# My "$5.00" tank setup/Growout tank.



## `GhostDogg´ (Apr 22, 2010)

I picked up this thank from gklaw yesterday & just got it setup with my rock & stuff.
I've had it running since last night but didn't get the fish,rocks,wood & caves in until about an hour ago.

Don't mind my background, I working on a DIY 3D BG.
But I've seen this roll of vinyl(or something) wallpaper rock BG I might just buy...(A rona)
It looks pretty close to the real thing too.
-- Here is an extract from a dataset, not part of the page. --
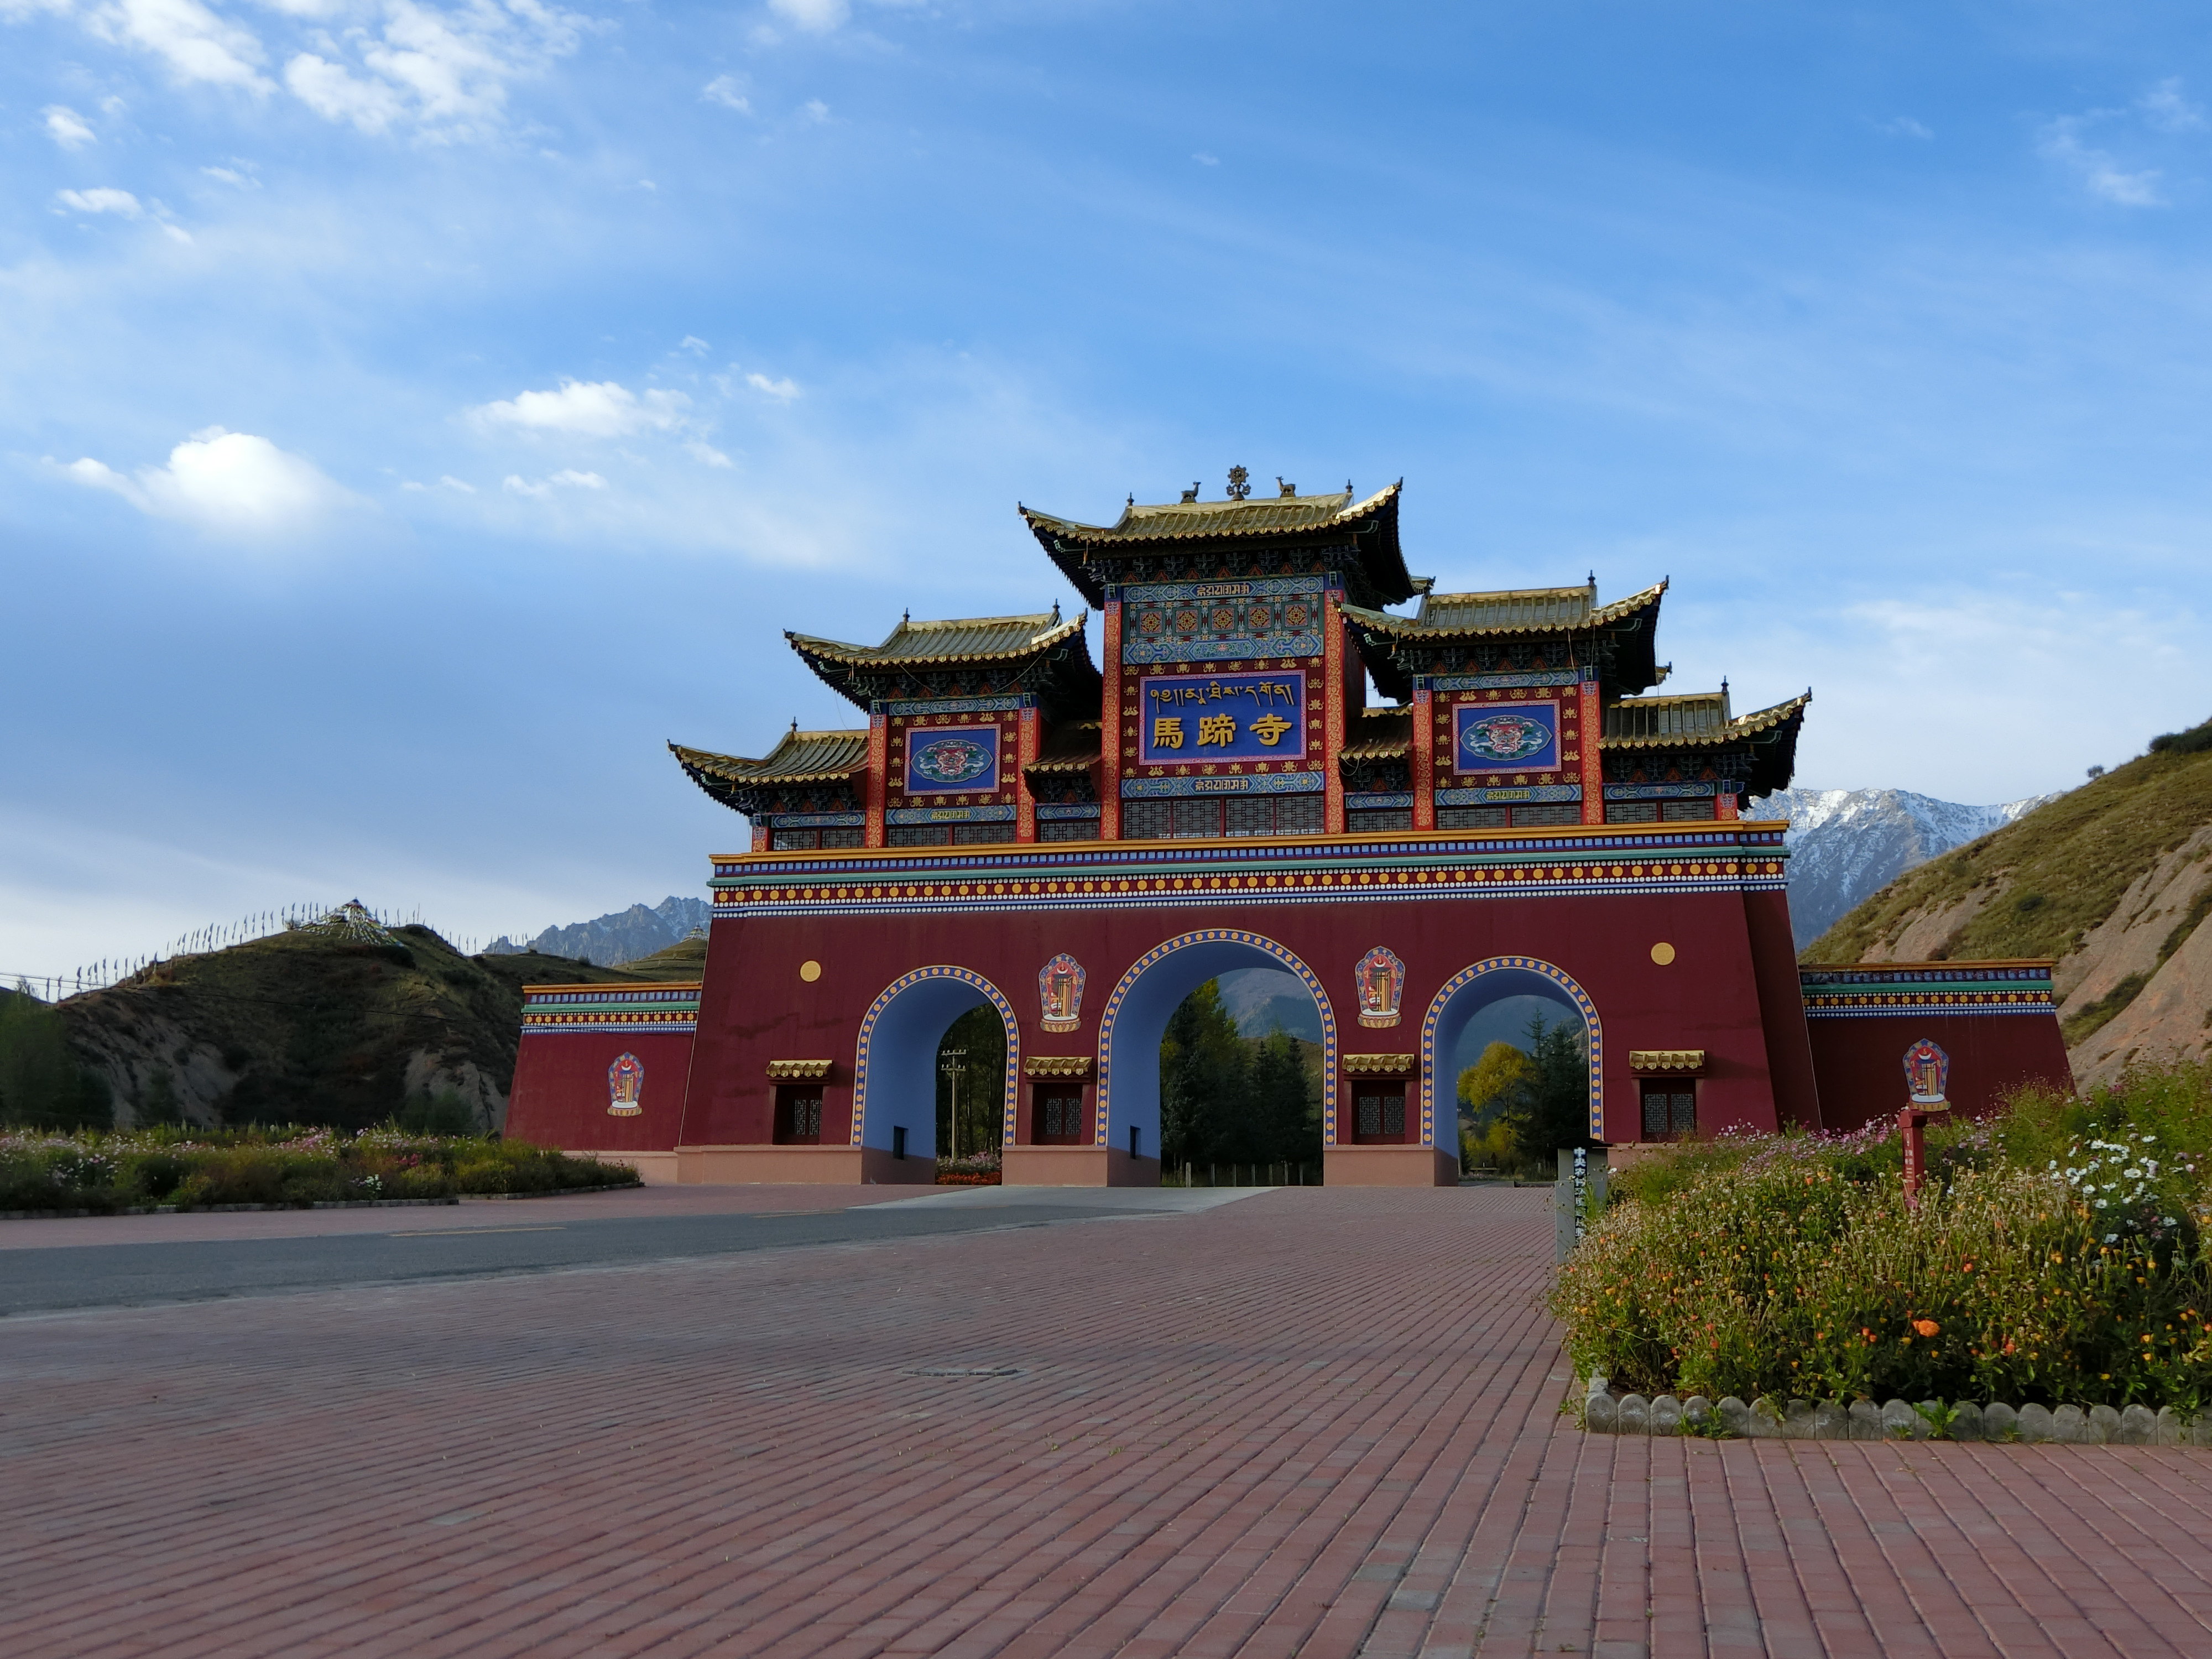 【携程攻略】张掖马蹄寺景点,马蹄寺位于肃南的裕固族自治州,主要是

My lil RD/Midas is growing out in here while, I look for a 125G-180G for the near future.
I have 2 runts from my Texacons in with him to keep his "Alpha status".
Just moved them out of my QT tank.

His "inner devil" is starting to show the last few days.
He's been doing a lot of lip locking, with one of the Texacons.
The RD is showing a lil battle wound on his bottom lip.
I didn't realize the lil runts had tiny teeth.
It's all good, no real harm/damage done.

I managed to snap a few pix of him in his new "temporary digs".
He's faded a bit from the move, but I'll get some more once he settles in.
His bars really show when he's "pushing his weight" around.

Let me know what yo guys think.














































Thanks again for the tank Gordon!!!


----------



## `GhostDogg´ (Apr 22, 2010)

Now for the fish:
































































I guess there's no more 4 pic limit per post.:bigsmile:


----------



## `GhostDogg´ (Apr 22, 2010)

Here's a few pix I took with my crappy cam, since I didn't have my good camera charged.
These were taken last week, before the move.

Here's what he looks like with his bars if full color.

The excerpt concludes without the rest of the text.